Besides, CFDs offer greater exposure to the digital currency market through margin trading and leverage.
To become a successful crypto trader, you don't need to have the best trading strategy. It is simply necessary to adopt a strategy adapted to your personality, your trading objectives, your availability, your trading capital, and finally your risk tolerance.
Homework tasks :
Write an article in which you must answer the following questions:
- What is a cryptocurrency CFD?
- How do I know if cryptocurrency CFDs are suitable for my trading strategy?
- Are CFDs risky financial products?
- Do all brokers offer cryptocurrency CFDs?
- Explain how you can trade with cryptocurrency CFDs on one of the brokers (Using a demo account).
- Try to read the lesson and the assignments carefully before you start editing.
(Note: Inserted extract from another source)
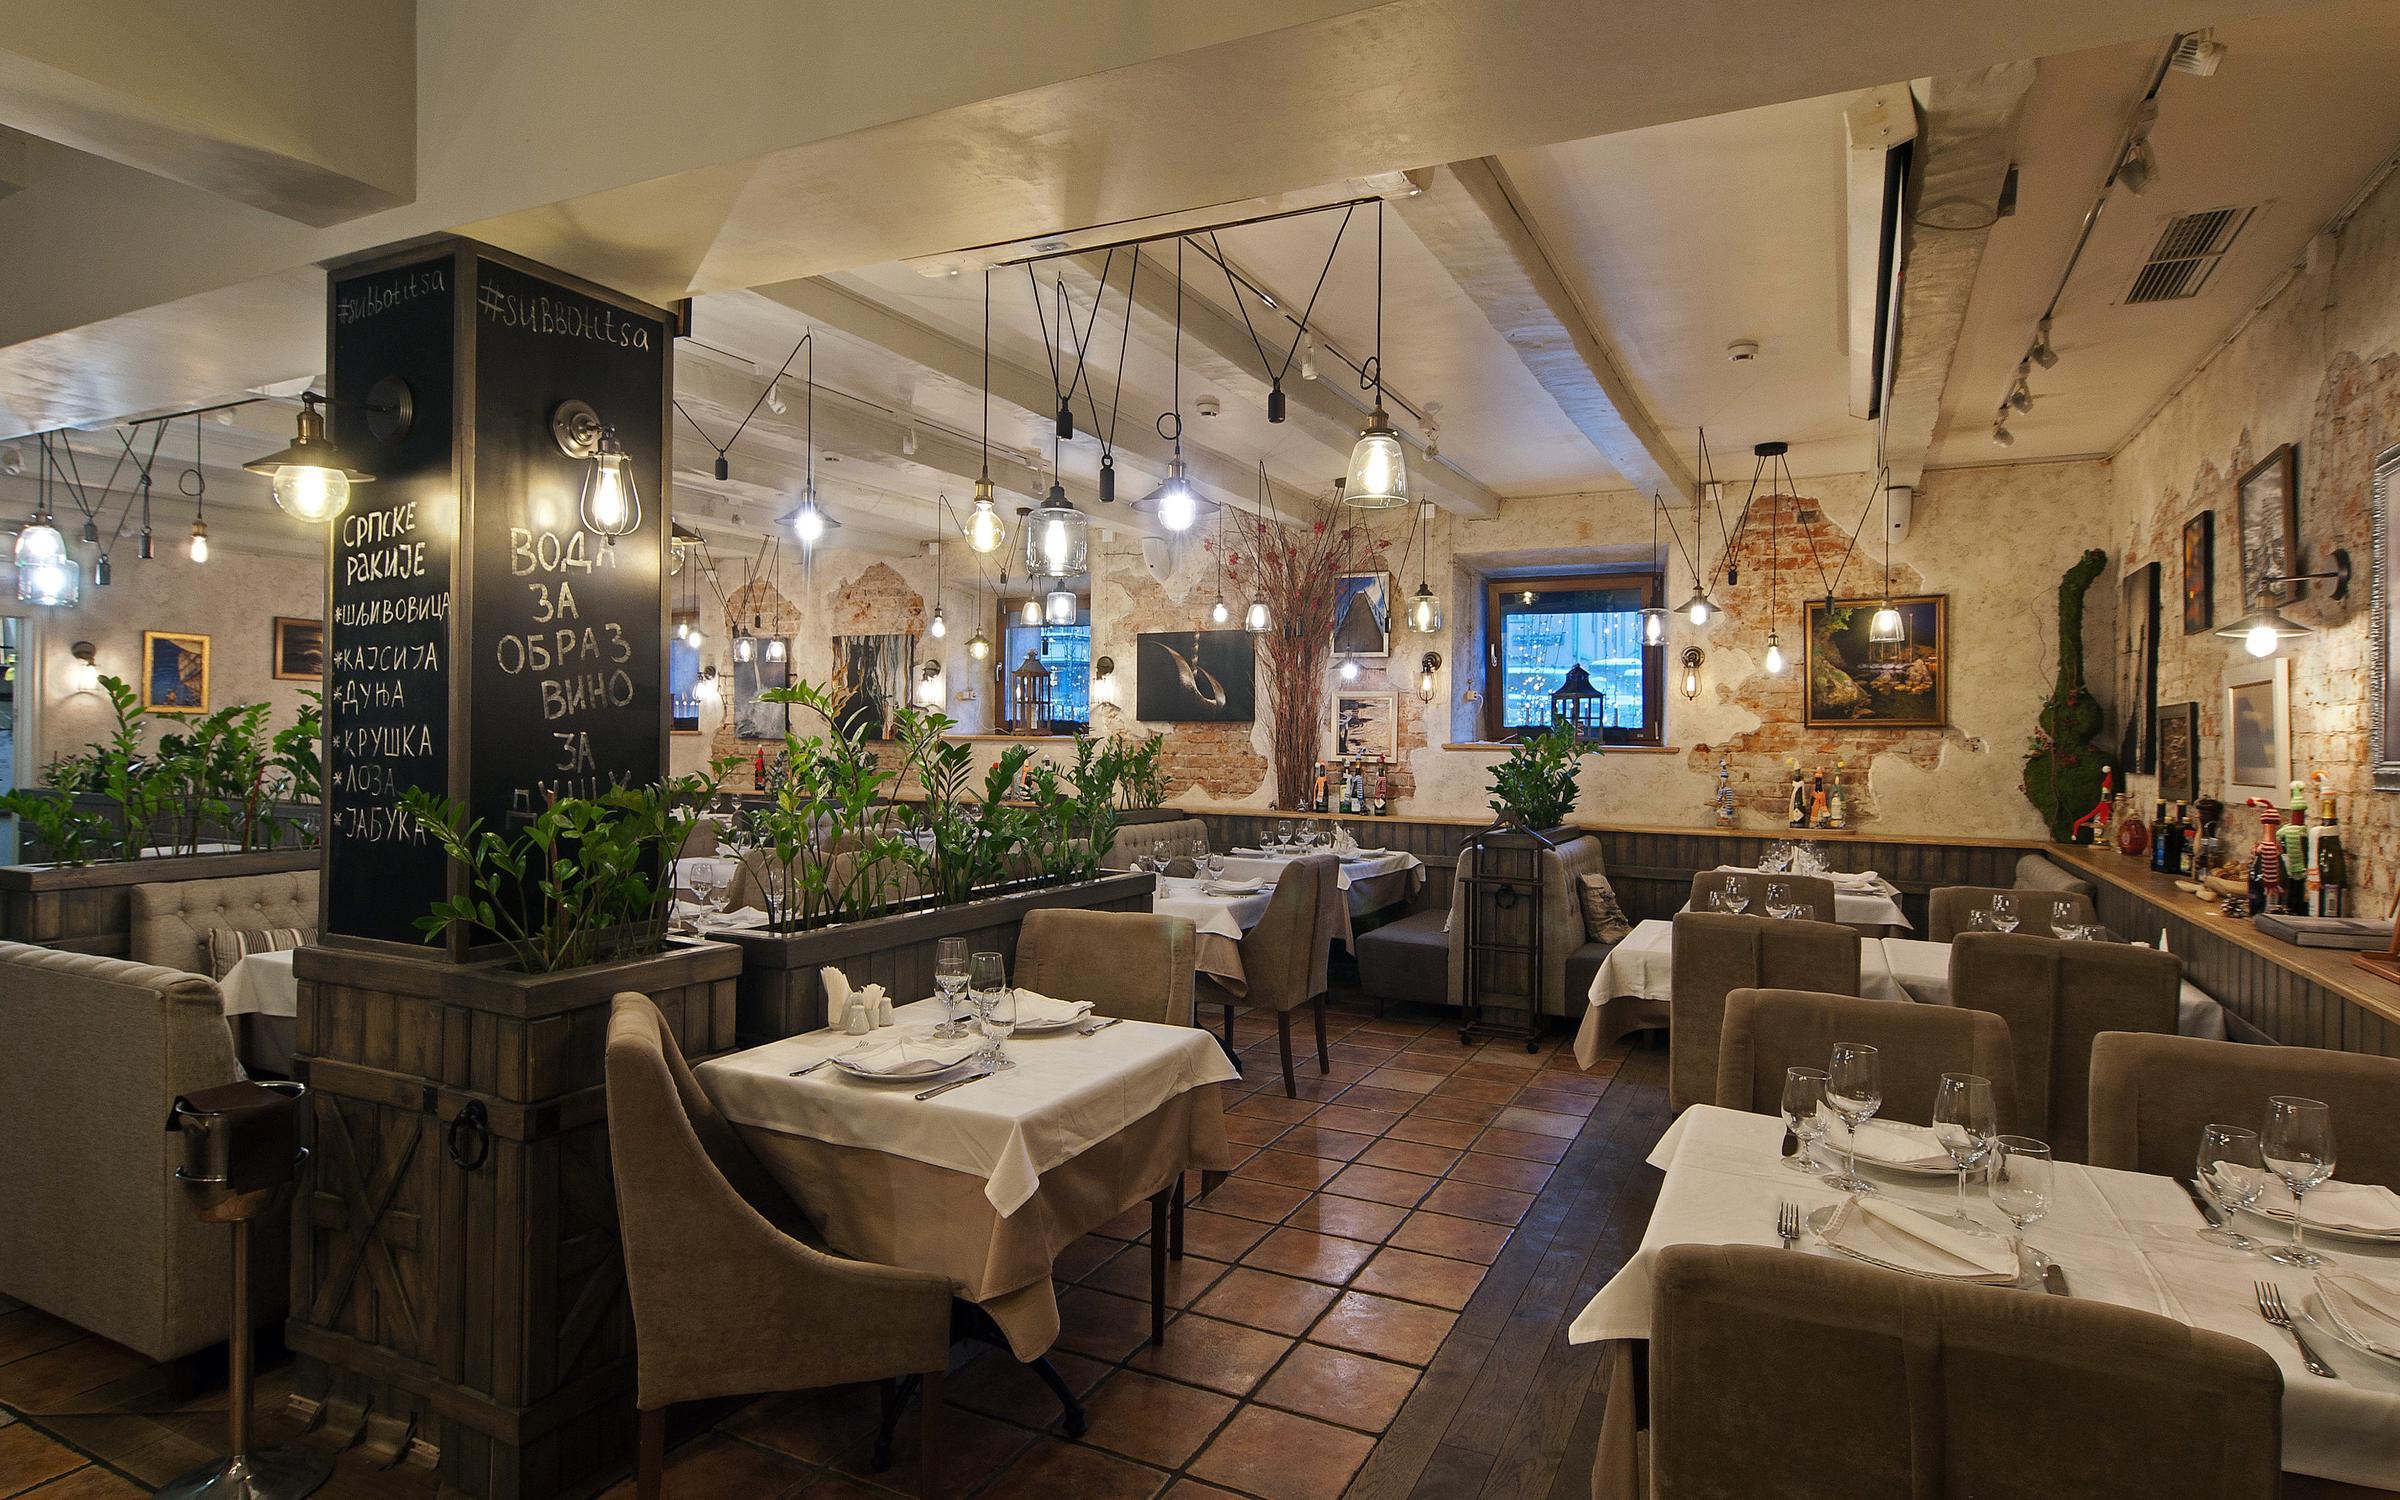 фотография Ресторана сербской кухни Субботица на Садовой-Кудринской улице

- You must write an essay that contains at least** 300 words**.
- Make sure that you post your homework into the Crypto-Academy community.
- Use copyright-free images with mention of its source, if possible, produce your own.
- Plagiarism is forbidden in Steemit Crypto Academy, and its perpetrators may face serious penalties.
- This homework assignment runs from April 19, 2021 through April 25, 2021.
- Include in your post among the first five hashtags #kouba-s2week2 #cryptoacademy.
- Review your article as if you are the reader. When you do the last review, try to assume the role of a person who sees the article for the first time. This greatly helps you to know how others will receive your thoughts.